So I made a sharp pivot: CPE became a thin MCP client. I stripped out all the built-in functionality — even file reading and writing — and created separate MCP servers for everything. Need to list files? That's an MCP server. Need to edit text? Another MCP server. Along the way, I'd spin up minimal servers for whatever I needed or adopt existing third-party ones.

This was philosophically clean. In practice, it had problems.

Phase 3: The MCP Problem (and Discovering Code Mode)

As many in the ecosystem have learned, MCP can easily overload the context window. Install a popular MCP server, get excited about the capabilities — and then realize it exposes 30 tools with verbose descriptions that confuse the model and bloat every request.

I tried to make it work. I looked at overriding tool descriptions or replacing schemas, but that felt like fighting against MCP's design rather than working with it.
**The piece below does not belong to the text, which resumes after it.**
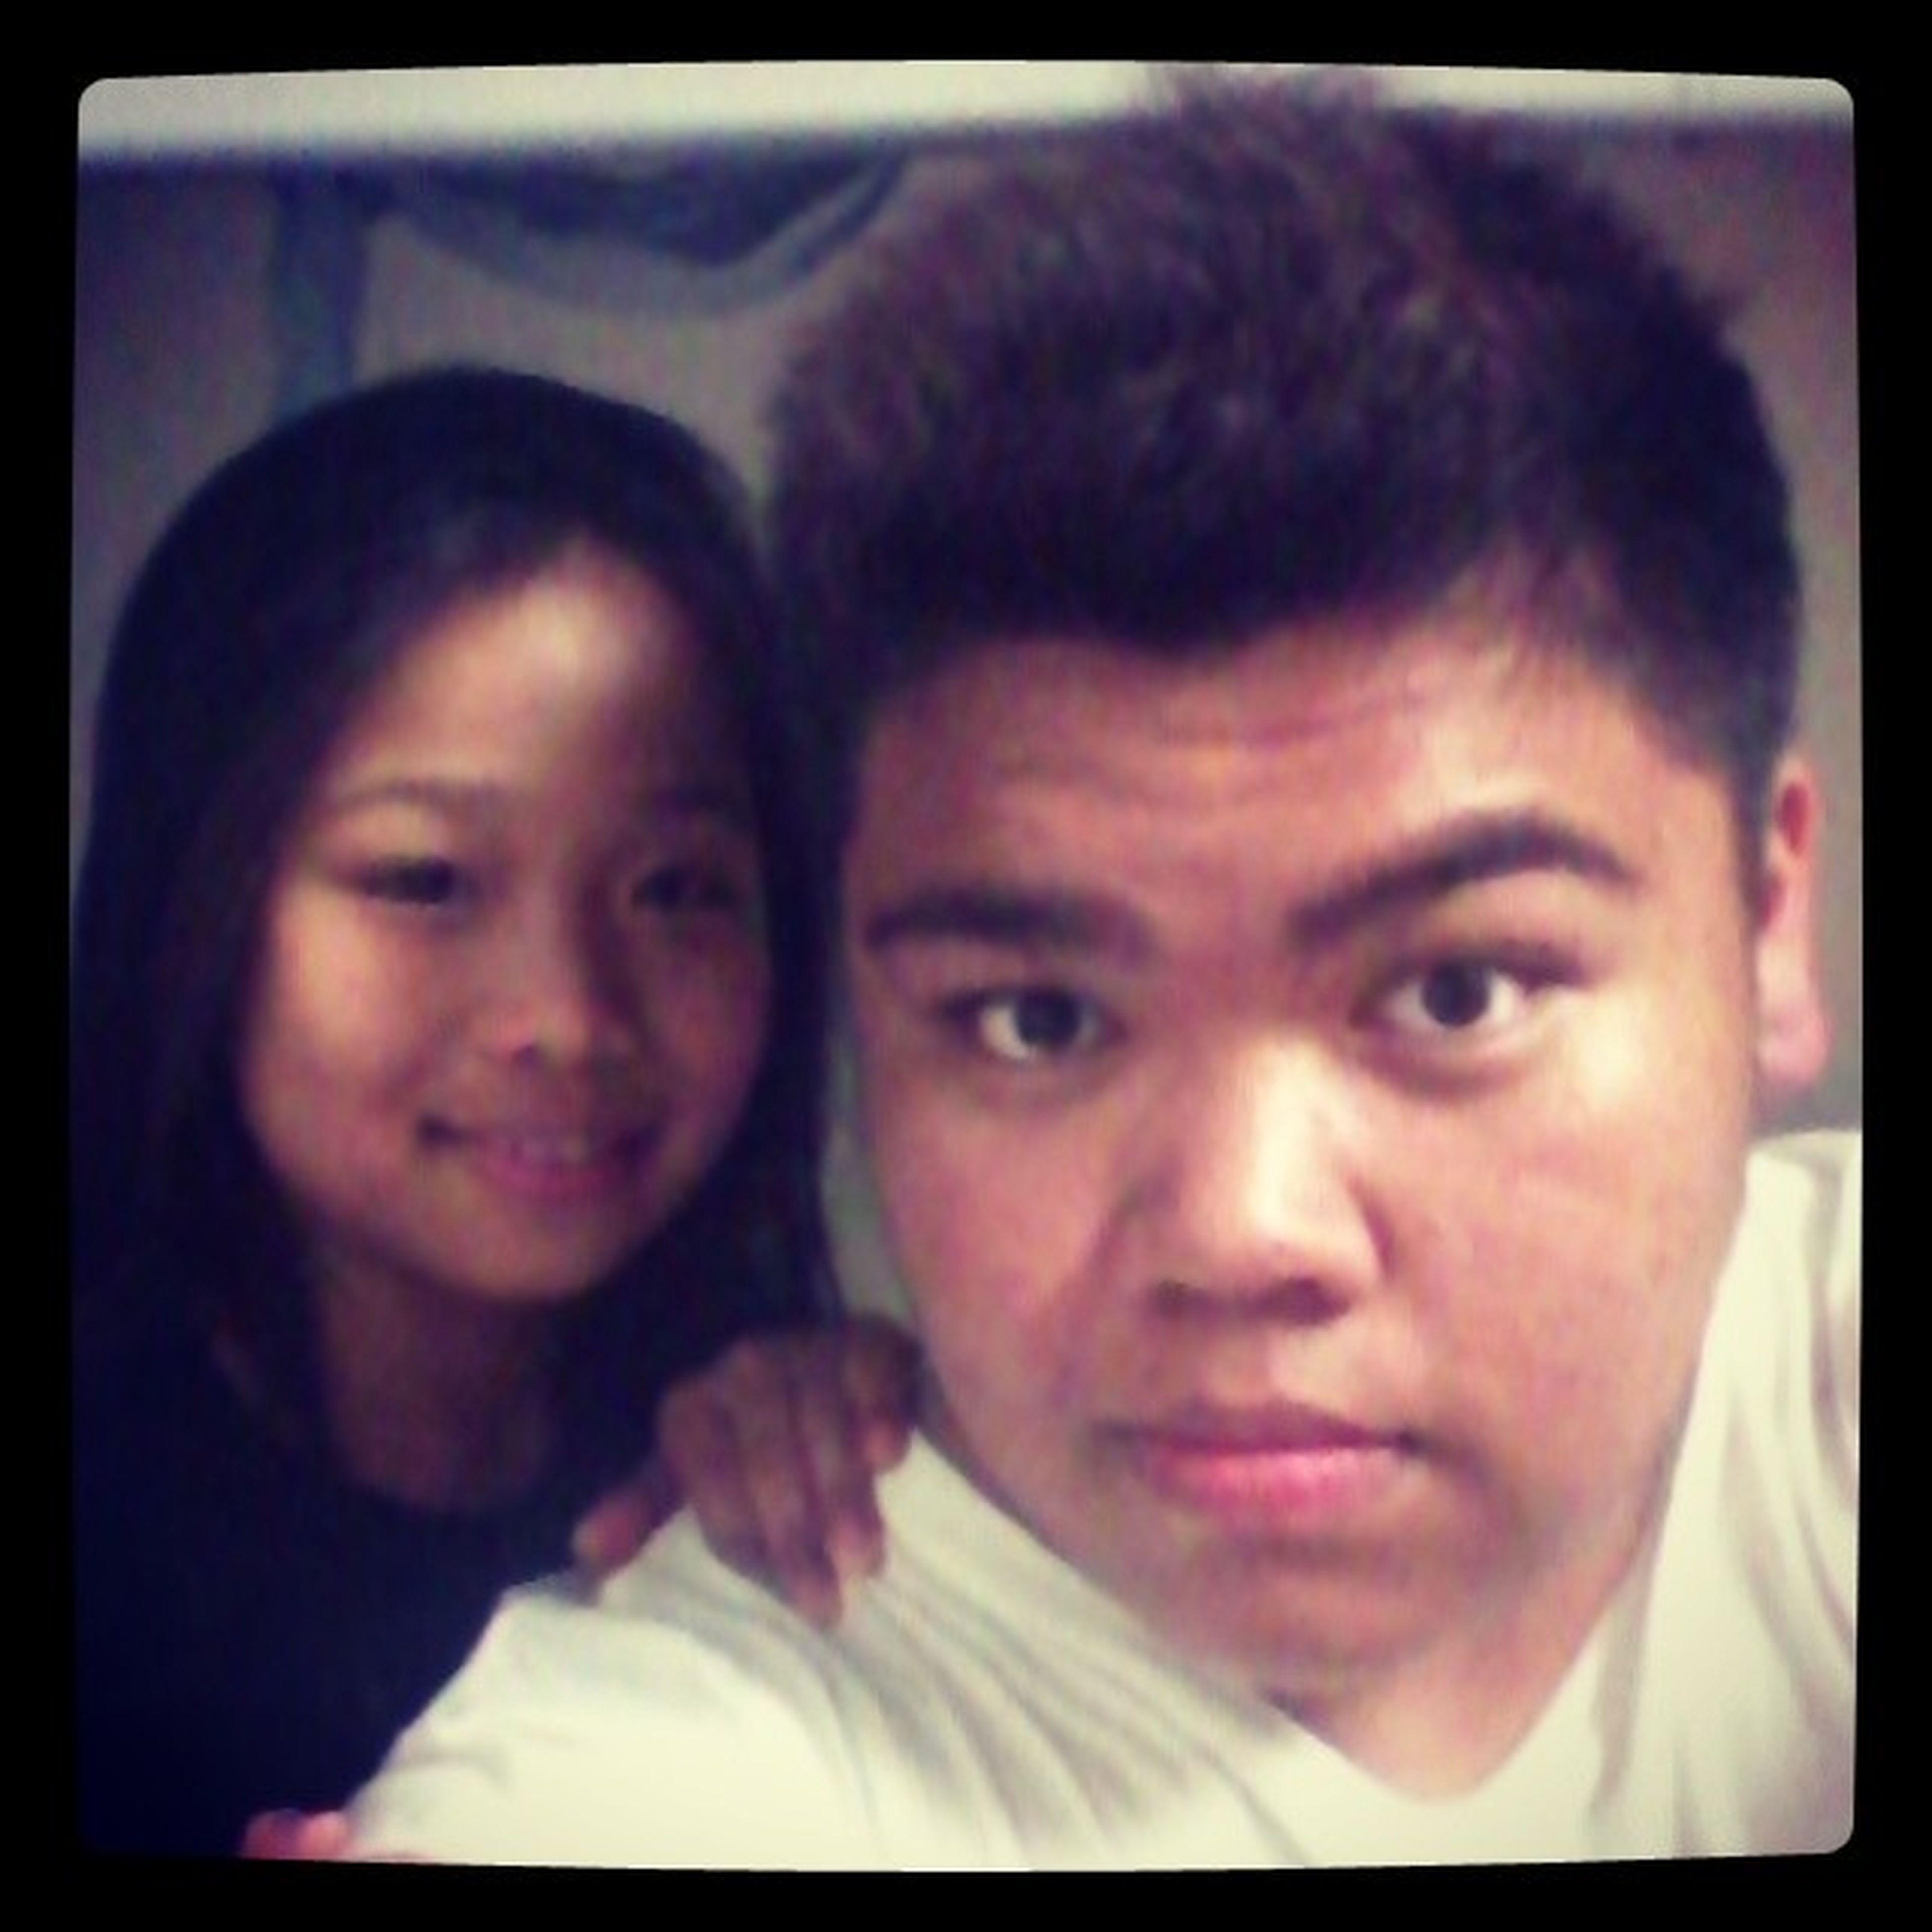 Taking pic with this lil girl Instapic Picoftheday Filipinopeople Asians instapostcoolpiclikesforlikestagforlikeslfltakingpicpinoyfollowme

The real issue was deeper: I wanted composability. I wanted the model to chain multiple tool calls, use conditionals, loop over results — all things that the one-tool-call-at-a-time paradigm doesn't support well.

Then I read the Cloudflare blog post on Code Mode and Anthropic's post on programmatic tool calling, and it clicked. Instead of exposing tools as individual actions the model invokes one at a time, what if the model could write a program that calls tools as functions?

Phase 4: Code Mode in Go

The initial prototype tried TypeScript, but I landed on Go for the execution language. The result: CPE exposes MCP tools as typed Go functions — with structs generated from each tool's input and output schema, and the tool description as the function's doc comment. The model generates a complete Go program implementing a Run function, CPE compiles and executes it, and the result comes back.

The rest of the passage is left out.